大企業で営業部長を務めていたKさんは、取締役への昇格が目前という重要な時期にさしかかっていました。若くして大きな業績を挙げ、最年少での取締役昇格が目前。ここで大きなトラブルは避けたいところです。しかし、このようなときに限って物事は起きるものです。

自らが過去に開拓して顧客となり、いまでは大きな取引先となっていた大手企業との商談を腹心の部下に任せていたところ、本来であれば2つ返事でYESが返ってくるはずが、意外にも保留の返事だったのです。

長年信頼を積み重ね、固い絆だったはずの大手企業顧客からの保留の返事。この取引先を失えば営業成績の30%を失うことになりかねません。Kさんは青ざめて、すぐに取引先に足を運びます。なんとか面談にこぎつけたものの、やはり回答は保留でした。

表情を見逃さず、建前であることに気がつく

このときのKさんの行動がさすがです。相手方の担当者は淡々と保留の返事をして理由は述べずに面談を後にしようとしていましたが、その時の相手方担当者の秘書の表情を見逃さなかったのです。

相手方秘書とも、長年のお付き合いだったことから、その表情の曇り方を察知し、秘書の耳にも入るような大きなことになっていると察知。保留というのは建前で、他社との契約がすでに進んでいるのではないか、そして、その理由も仮説を立てました。

その後、長年積み重ねた信頼関係を頼りに、相手方秘書に直接電話をいれ、こう言ったそうです。「あなたの立場もあるでしょうから、具体的に返事はしなくても結構です。しかし、もしも、私がこれから言うことが当たっているとしたら、答えがYESなら『担当のSさんが不在だ。折り返す』とだけ言って電話を切っていただけませんか? どうか私に力を貸してください」。

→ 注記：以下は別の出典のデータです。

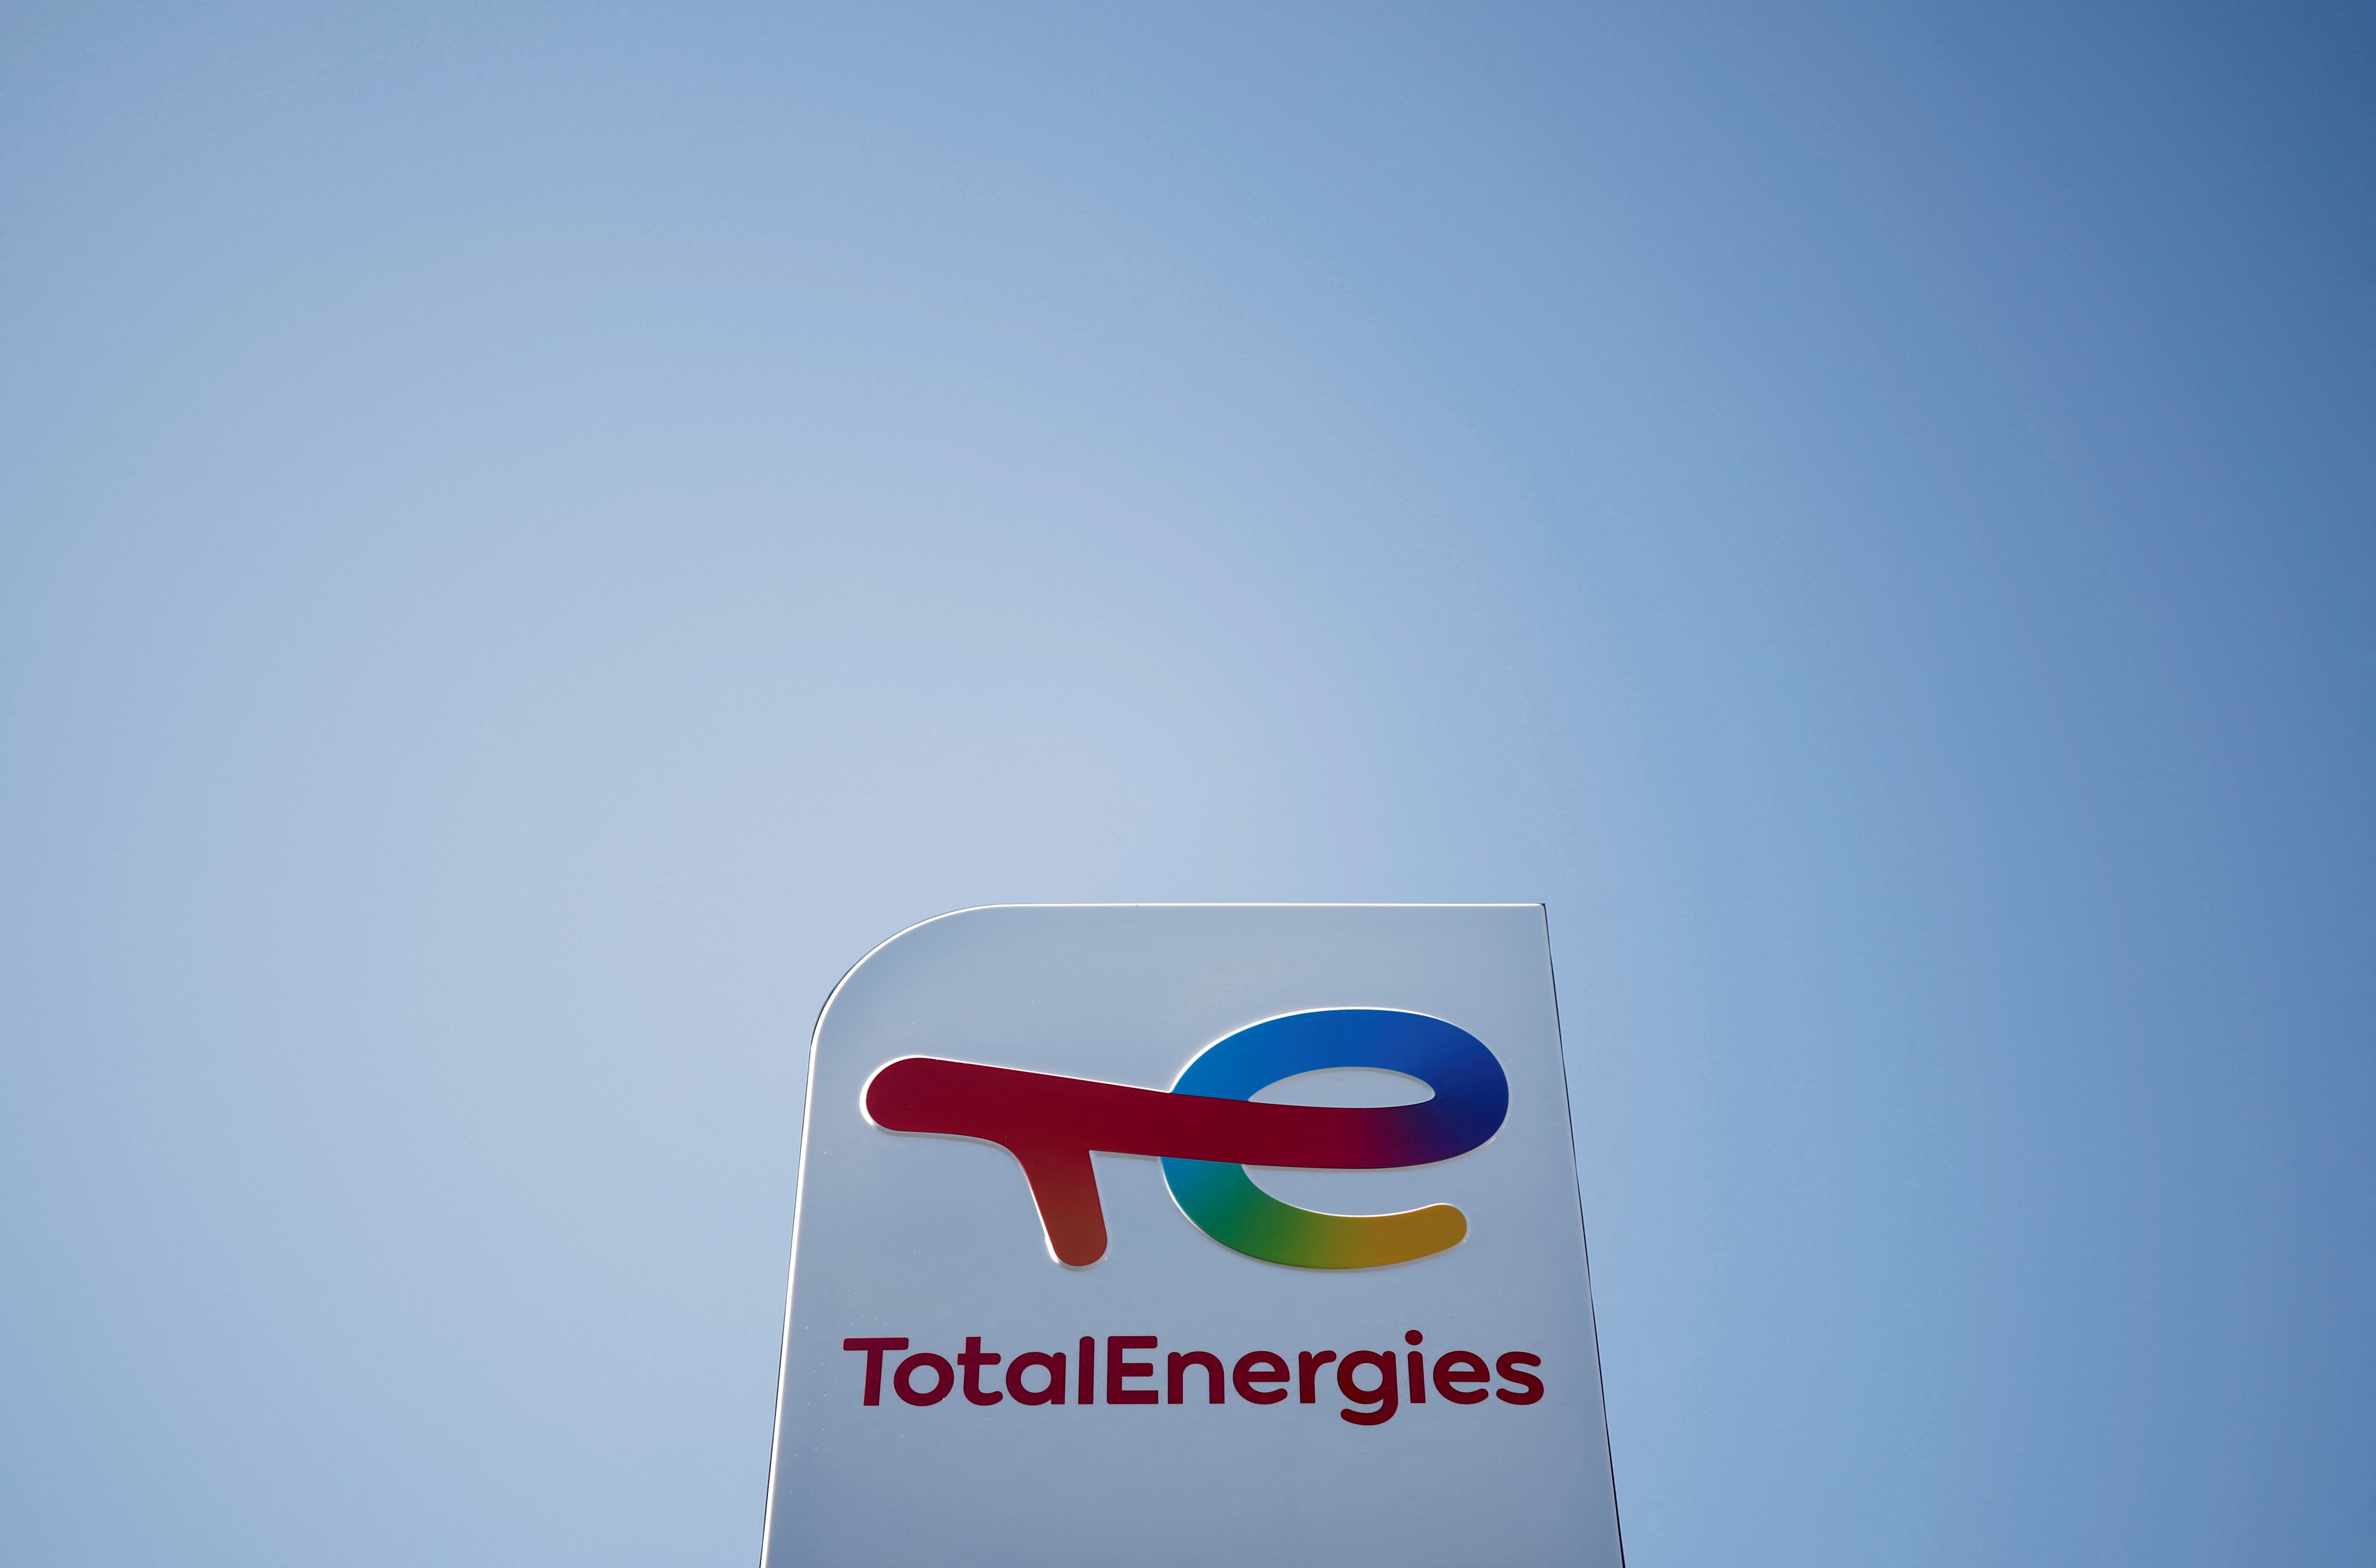 The logo of French oil and gas company TotalEnergies at a petrol station in Treillieres

Kさんは、相手方秘書の立場も気遣いながら、起きていることの確認をしました。Kさんの仮説は見事に当たっており、長い間、部下に担当を任せていたことで、関係が希薄となりつつあった間に、競合他社の参入があった、そして、相手方の担当者が変わったのをきっかけに、競合他社への乗り換えの話が社内で上がっていたのです。

そこで、Kさんは翌日、アポなし訪問を敢行。自らこの業務を担当することに加えて、見積額の見直しとともに手厚いサポートのサービス体制を提示したところ、なんと、逆転で契約に至ったそうです。